The problem :: Could you quote, exactly as they stand, the lines running from the one with "Horse in freedom in Val Visdende, Italy" to the final line of the material?

Data provided ::
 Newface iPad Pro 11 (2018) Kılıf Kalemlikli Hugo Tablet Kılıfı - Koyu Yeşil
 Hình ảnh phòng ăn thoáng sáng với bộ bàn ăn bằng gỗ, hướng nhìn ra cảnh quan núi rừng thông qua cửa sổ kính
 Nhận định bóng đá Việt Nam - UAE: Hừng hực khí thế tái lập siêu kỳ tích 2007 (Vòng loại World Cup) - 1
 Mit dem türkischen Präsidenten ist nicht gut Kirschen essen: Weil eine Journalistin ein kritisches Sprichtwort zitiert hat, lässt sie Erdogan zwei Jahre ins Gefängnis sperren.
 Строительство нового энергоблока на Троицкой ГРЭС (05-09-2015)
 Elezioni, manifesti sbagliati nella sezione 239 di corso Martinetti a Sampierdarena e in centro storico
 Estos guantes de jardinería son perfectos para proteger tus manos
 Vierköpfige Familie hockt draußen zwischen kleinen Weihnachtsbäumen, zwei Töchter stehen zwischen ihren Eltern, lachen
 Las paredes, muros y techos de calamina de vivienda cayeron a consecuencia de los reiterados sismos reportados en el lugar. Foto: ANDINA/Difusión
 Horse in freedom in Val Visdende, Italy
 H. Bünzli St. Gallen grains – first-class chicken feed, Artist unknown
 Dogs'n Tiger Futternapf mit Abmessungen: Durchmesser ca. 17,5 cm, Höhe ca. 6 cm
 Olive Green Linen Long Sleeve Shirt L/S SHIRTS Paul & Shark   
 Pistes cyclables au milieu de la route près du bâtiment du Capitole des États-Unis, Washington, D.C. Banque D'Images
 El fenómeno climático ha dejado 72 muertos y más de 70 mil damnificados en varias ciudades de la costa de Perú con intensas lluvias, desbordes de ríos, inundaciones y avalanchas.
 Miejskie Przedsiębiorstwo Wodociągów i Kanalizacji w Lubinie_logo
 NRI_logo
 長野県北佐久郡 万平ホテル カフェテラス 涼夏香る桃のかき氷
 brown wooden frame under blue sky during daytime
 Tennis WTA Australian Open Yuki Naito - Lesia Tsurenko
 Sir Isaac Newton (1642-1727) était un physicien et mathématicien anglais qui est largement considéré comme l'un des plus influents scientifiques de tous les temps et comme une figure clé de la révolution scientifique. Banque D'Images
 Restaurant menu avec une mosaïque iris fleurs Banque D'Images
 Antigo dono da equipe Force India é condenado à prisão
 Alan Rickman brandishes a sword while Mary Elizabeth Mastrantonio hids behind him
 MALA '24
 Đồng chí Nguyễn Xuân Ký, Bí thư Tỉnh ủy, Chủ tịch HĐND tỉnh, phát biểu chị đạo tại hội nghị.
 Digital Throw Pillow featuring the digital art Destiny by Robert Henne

Your response ::
 Horse in freedom in Val Visdende, Italy
 H. Bünzli St. Gallen grains – first-class chicken feed, Artist unknown
 Dogs'n Tiger Futternapf mit Abmessungen: Durchmesser ca. 17,5 cm, Höhe ca. 6 cm
 Olive Green Linen Long Sleeve Shirt L/S SHIRTS Paul & Shark   
 Pistes cyclables au milieu de la route près du bâtiment du Capitole des États-Unis, Washington, D.C. Banque D'Images
 El fenómeno climático ha dejado 72 muertos y más de 70 mil damnificados en varias ciudades de la costa de Perú con intensas lluvias, desbordes de ríos, inundaciones y avalanchas.
 Miejskie Przedsiębiorstwo Wodociągów i Kanalizacji w Lubinie_logo
 NRI_logo
 長野県北佐久郡 万平ホテル カフェテラス 涼夏香る桃のかき氷
 brown wooden frame under blue sky during daytime
 Tennis WTA Australian Open Yuki Naito - Lesia Tsurenko
 Sir Isaac Newton (1642-1727) était un physicien et mathématicien anglais qui est largement considéré comme l'un des plus influents scientifiques de tous les temps et comme une figure clé de la révolution scientifique. Banque D'Images
 Restaurant menu avec une mosaïque iris fleurs Banque D'Images
 Antigo dono da equipe Force India é condenado à prisão
 Alan Rickman brandishes a sword while Mary Elizabeth Mastrantonio hids behind him
 MALA '24
 Đồng chí Nguyễn Xuân Ký, Bí thư Tỉnh ủy, Chủ tịch HĐND tỉnh, phát biểu chị đạo tại hội nghị.
 Digital Throw Pillow featuring the digital art Destiny by Robert Henne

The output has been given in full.